Repository files navigation

Tiny Towns Scorer

Side-by-side images. On the left, a green board viewed at an angle, with several building-shaped tokens on it. On the right, the same board viewed from above with all the tokens labeled.
Figure 1. A game state from the board game Tiny Towns alongside the recognized digital game state. Fourteen of the sixteen tokens were identified correctly.
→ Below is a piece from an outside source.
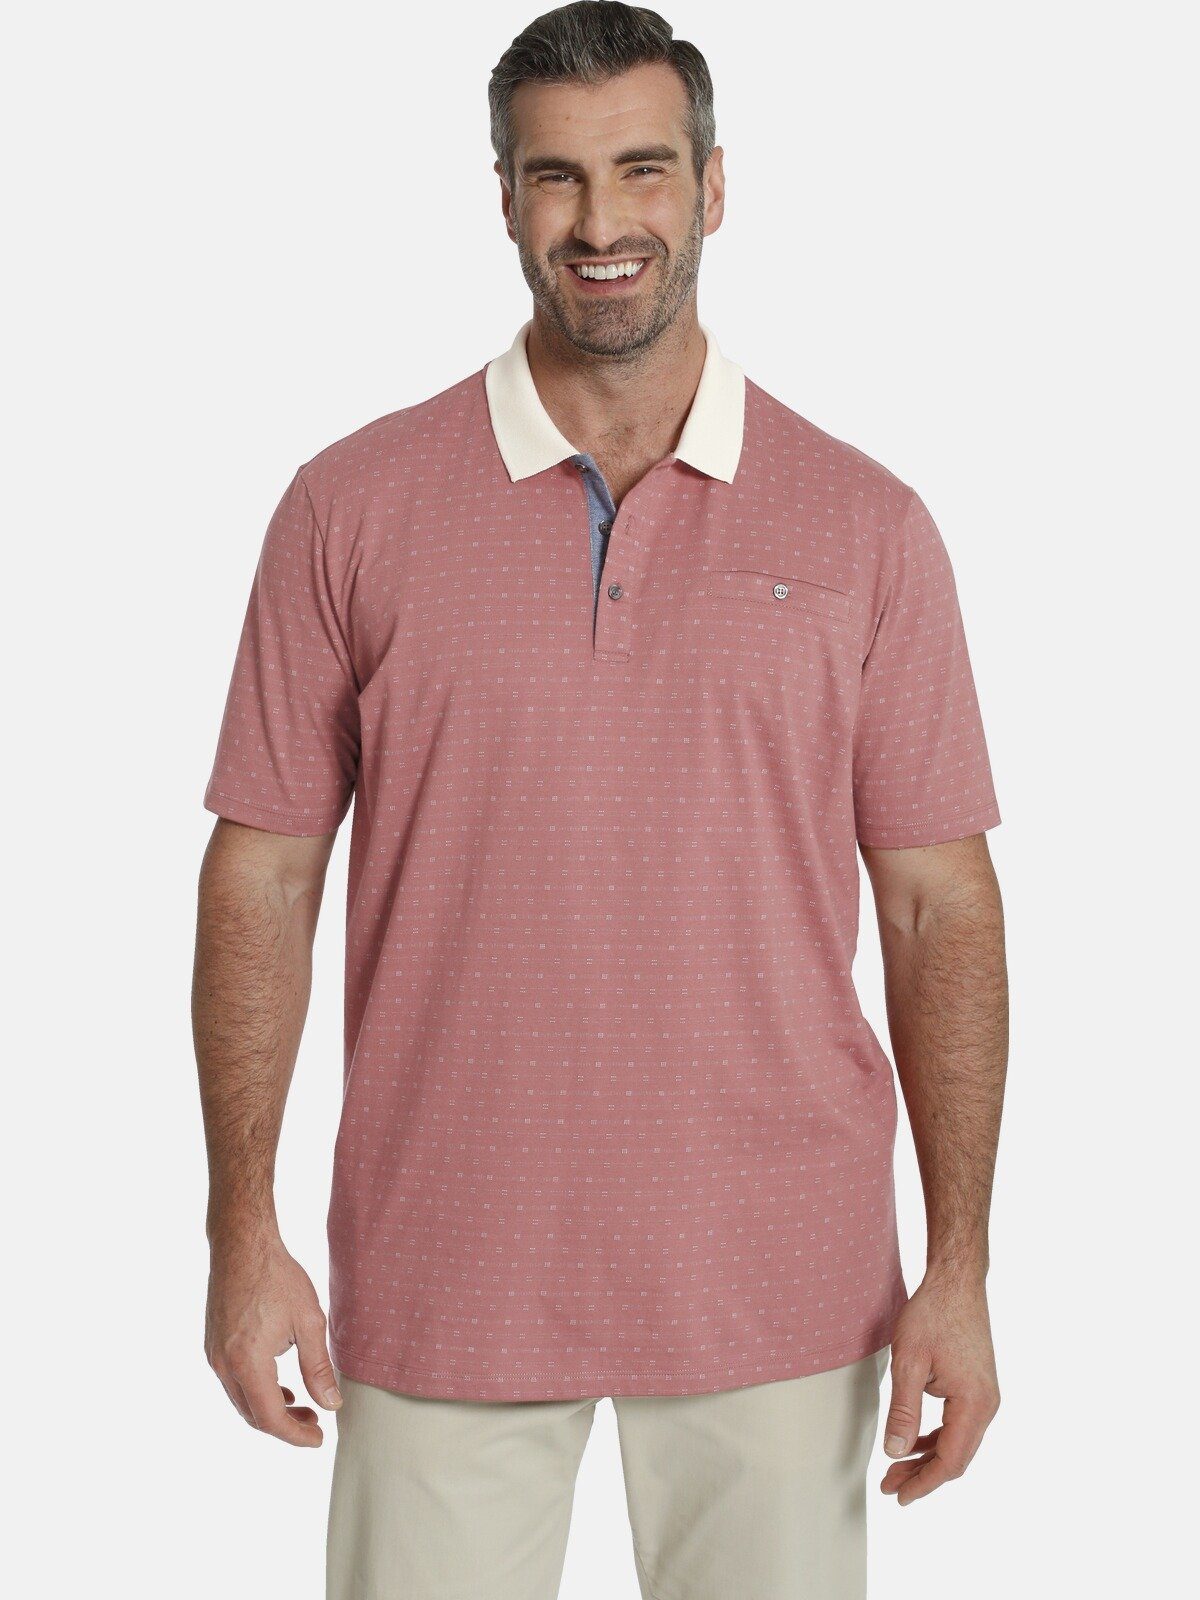 Charles Colby Poloshirt EARL Passform Retro-Stil bequeme MIKE

In the board game Tiny Towns, a player's score is determined by pieces arranged into a 4x4 grid. We propose a model for calculating a player's score using computer vision. We combine object detection, feature matching, and homography in our model. We introduce the problem, detail initial experiments, and present a final model. Overall, the model achieves high accuracy on clear images, but poorly on images taken at distance or at oblique angles.

Code structure

  • training.ipynb
    • Data loading, data augmentation, and training the model
  • scorer.ipynb
    • Testing the model, forming the grid, and homography via ORB
  • experiments.ipynb
    • Earlier tests/experiments from preliminary stages of the project

Data

Collection

Our dataset of images consists of Tiny Towns game boards, tokens, and game states taken by smartphones periodically during a game of Tiny Towns we played (Figure 2). The data can be downloaded here.

A table covered in cards, tokens, and game boards. A game of Tiny Towns is in progress.
Figure 2. Experimental setup.

Annotation and Class Imbalance

To label the data, we used the Computer Vision Annotation Tool (CVAT) [3] and manually drew rectangular bounding boxes around the board and game pieces.

Since our dataset consisted of only a single game of Tiny Towns, there were differences in the number of images collected for each type of token, leading to a class imbalance. For example, some pieces comprised as many as 10-12% of tokens, whereas others were as few as 2-4% (Figure 3).

A pie chart depicting the class breakdown of our dataset.
Figure 3. Dataset class breakdown.

Augmentation

When training a neural network, a relatively small number of images in the dataset could lead to overfitting. To combat this, we used a preprocessing technique called data augmentation on the training dataset to create new images from existing ones (Figure 4).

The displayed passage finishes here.